**Entries supplied**
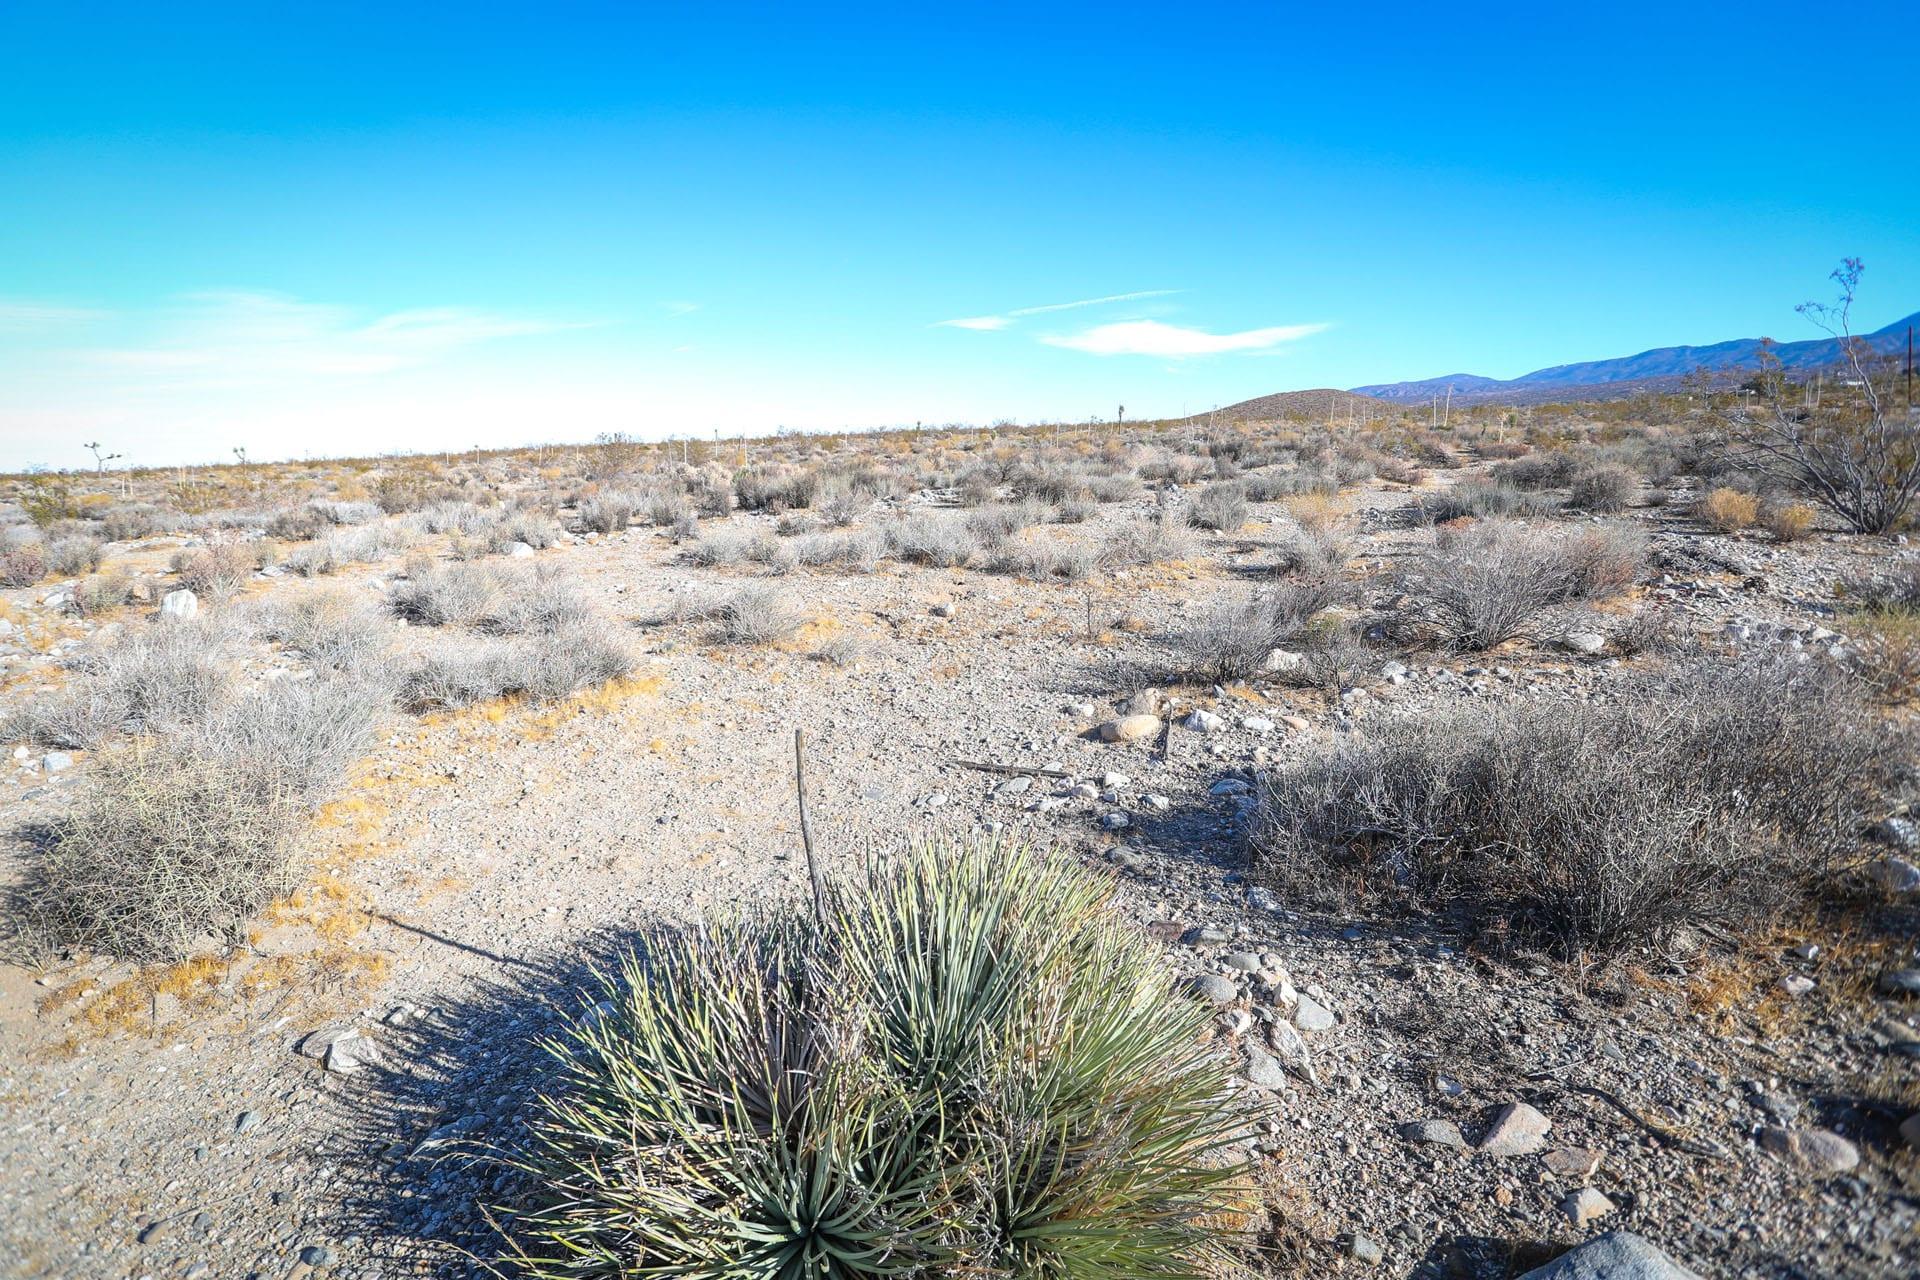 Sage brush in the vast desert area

...

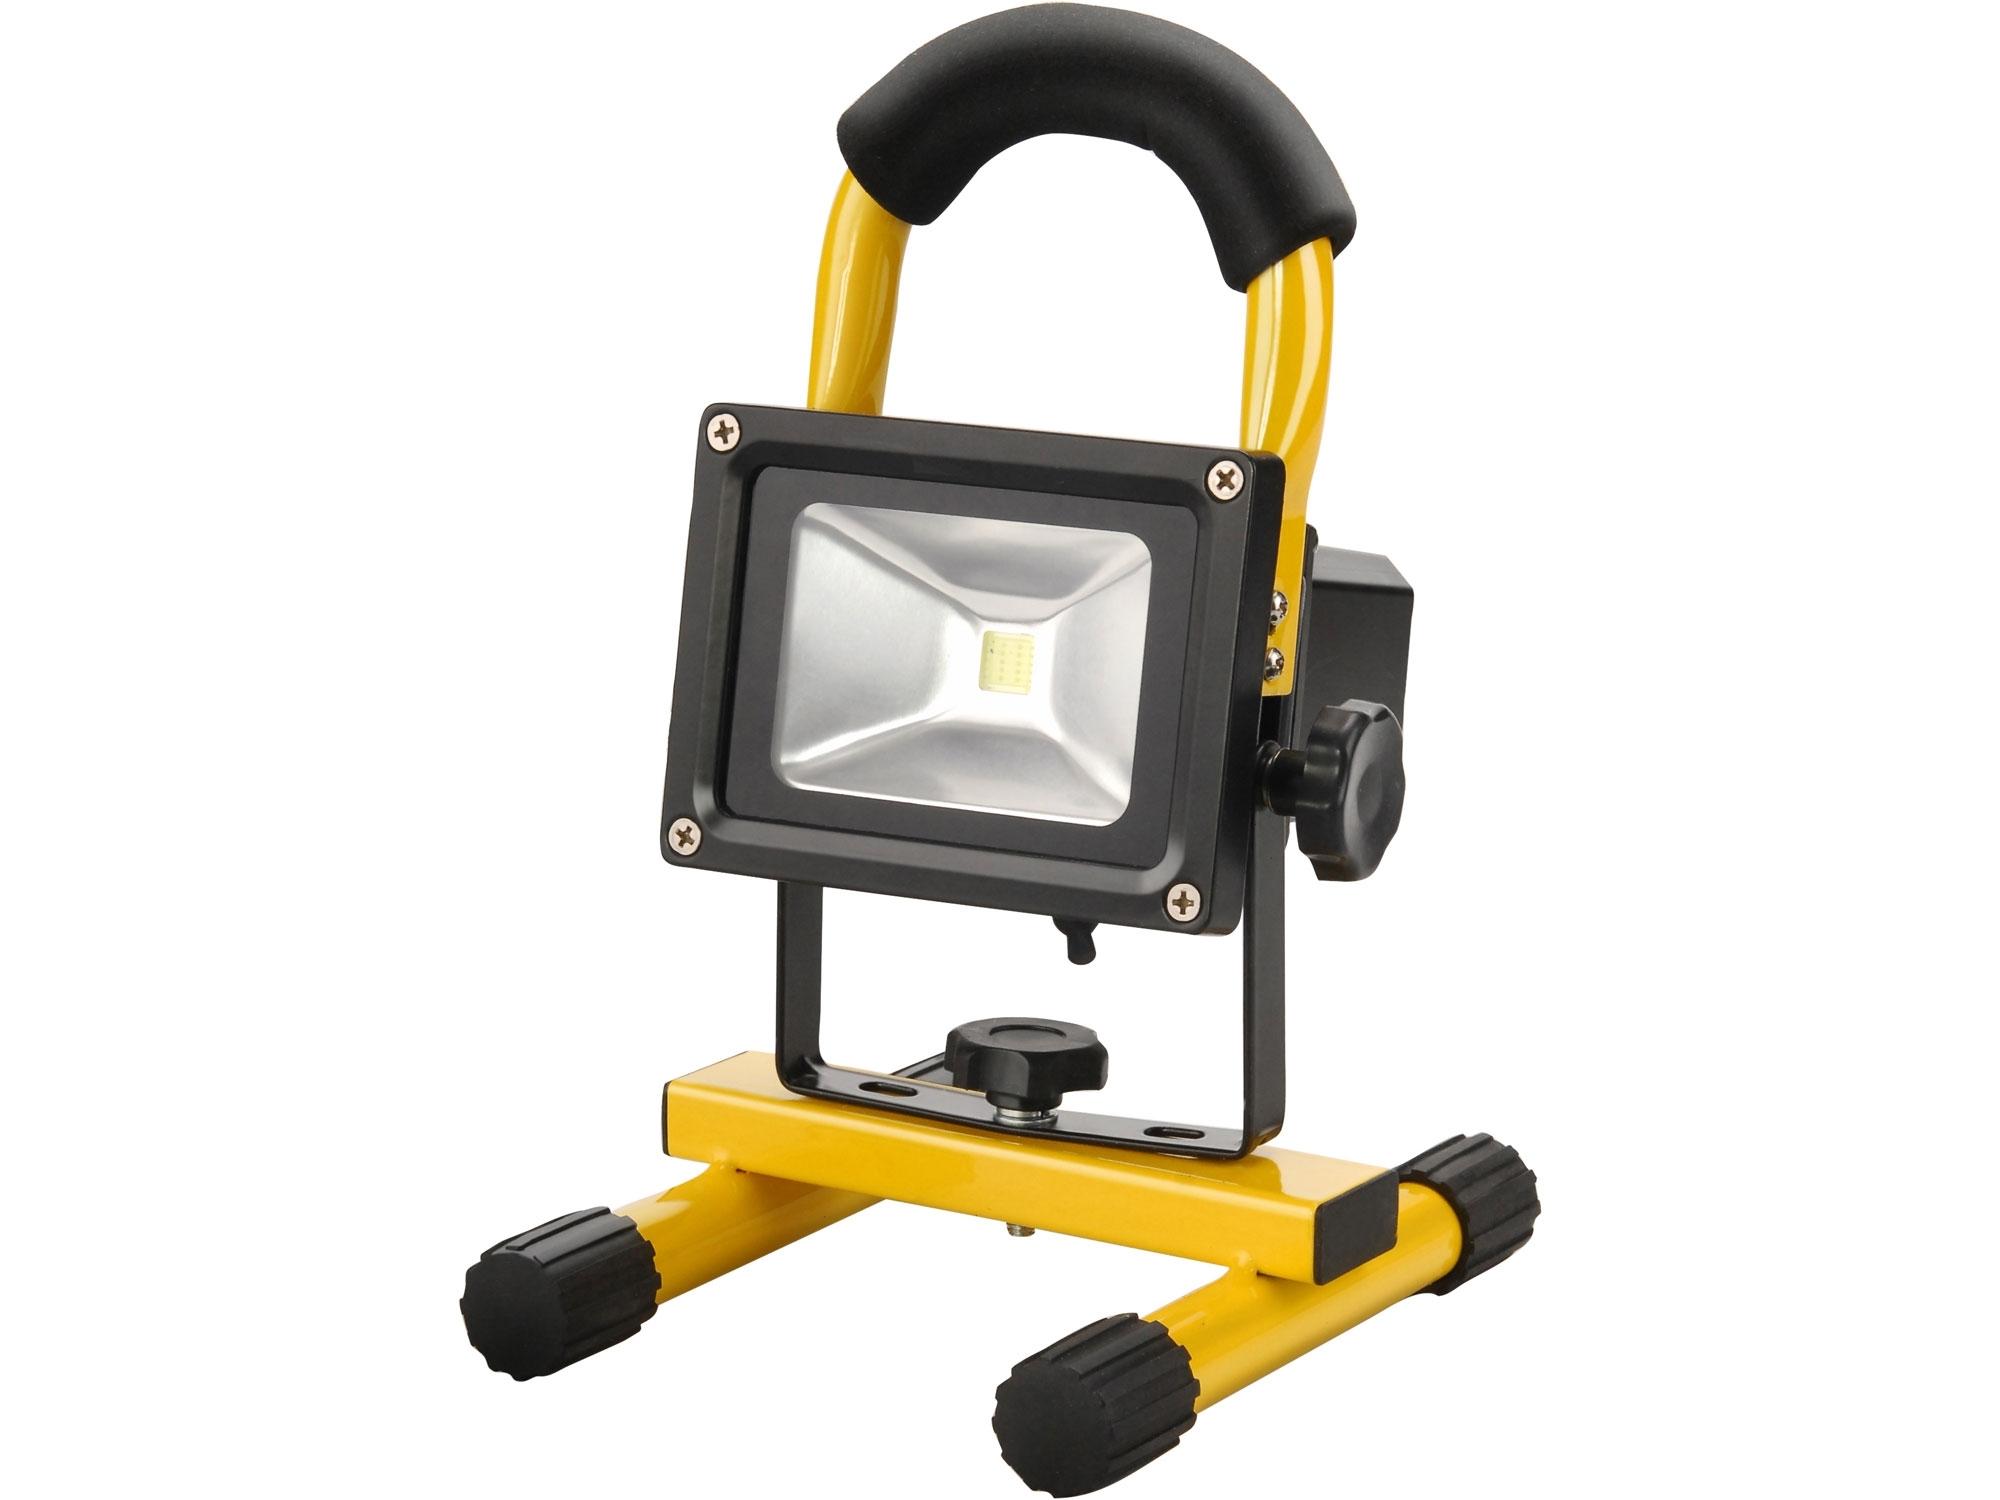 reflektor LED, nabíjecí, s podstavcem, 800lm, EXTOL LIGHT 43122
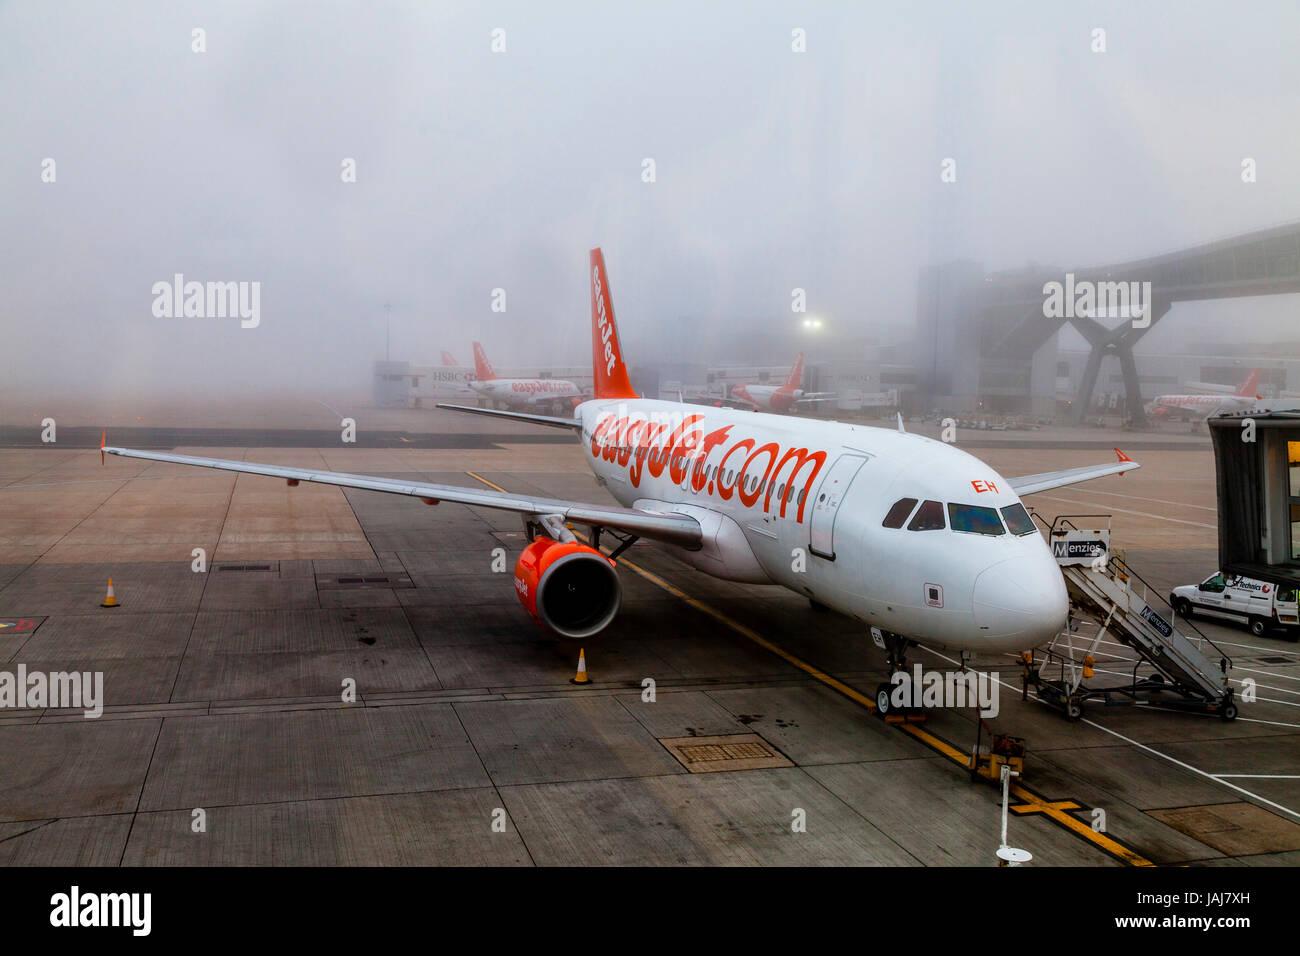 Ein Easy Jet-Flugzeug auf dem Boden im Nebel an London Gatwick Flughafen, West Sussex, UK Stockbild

* * *

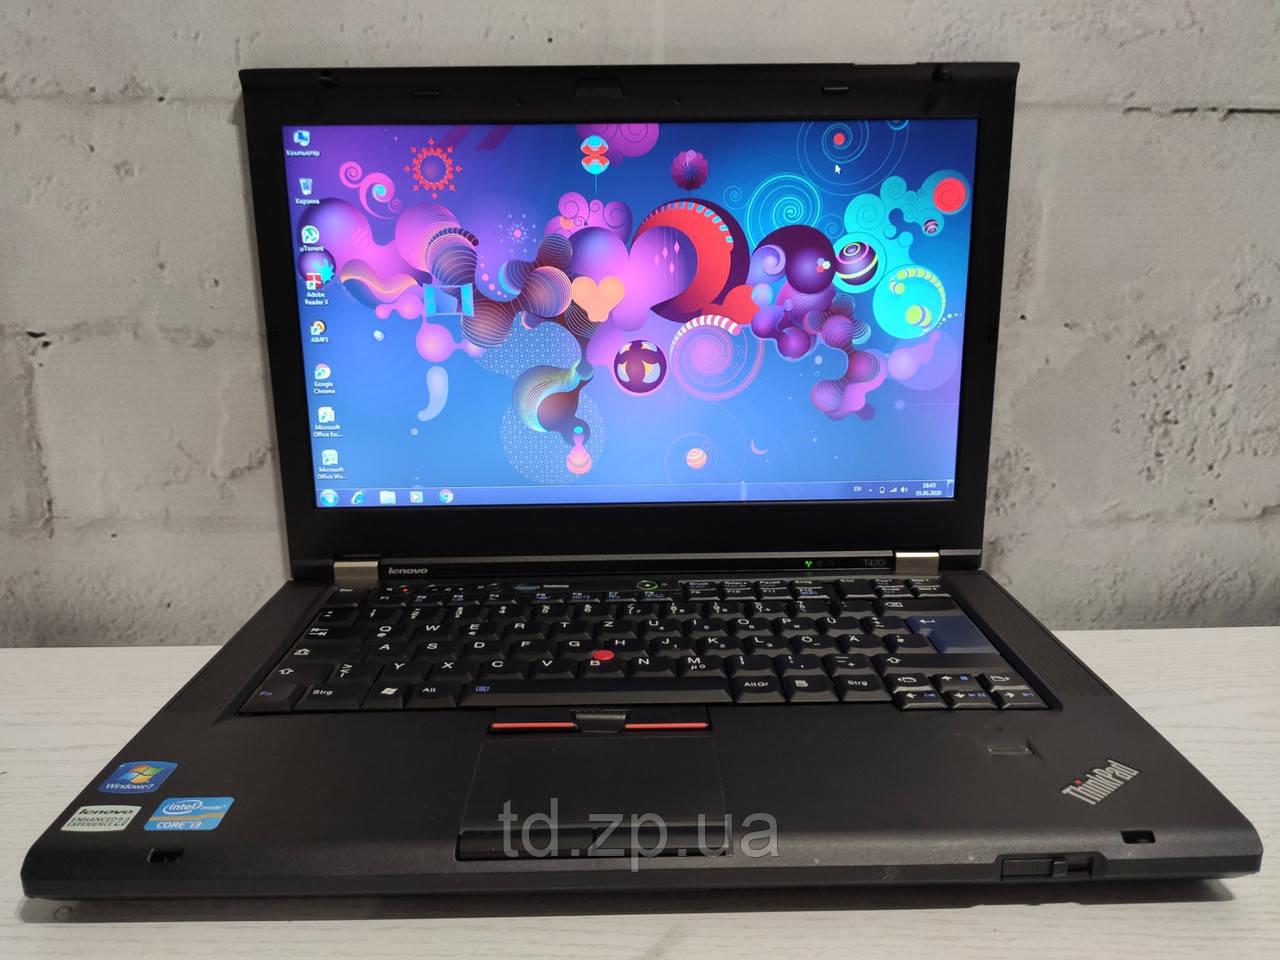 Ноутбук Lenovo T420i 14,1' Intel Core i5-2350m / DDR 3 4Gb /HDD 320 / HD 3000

**Exercise description**
Starting with the line that has "reflektor LED, nabíjecí, s" and going on through the line that has "Ein Easy Jet-Flugzeug", transcribe the records above exactly, but skip the pictures.

**Result**
 reflektor LED, nabíjecí, s podstavcem, 800lm, EXTOL LIGHT 43122
 Ein Easy Jet-Flugzeug auf dem Boden im Nebel an London Gatwick Flughafen, West Sussex, UK Stockbild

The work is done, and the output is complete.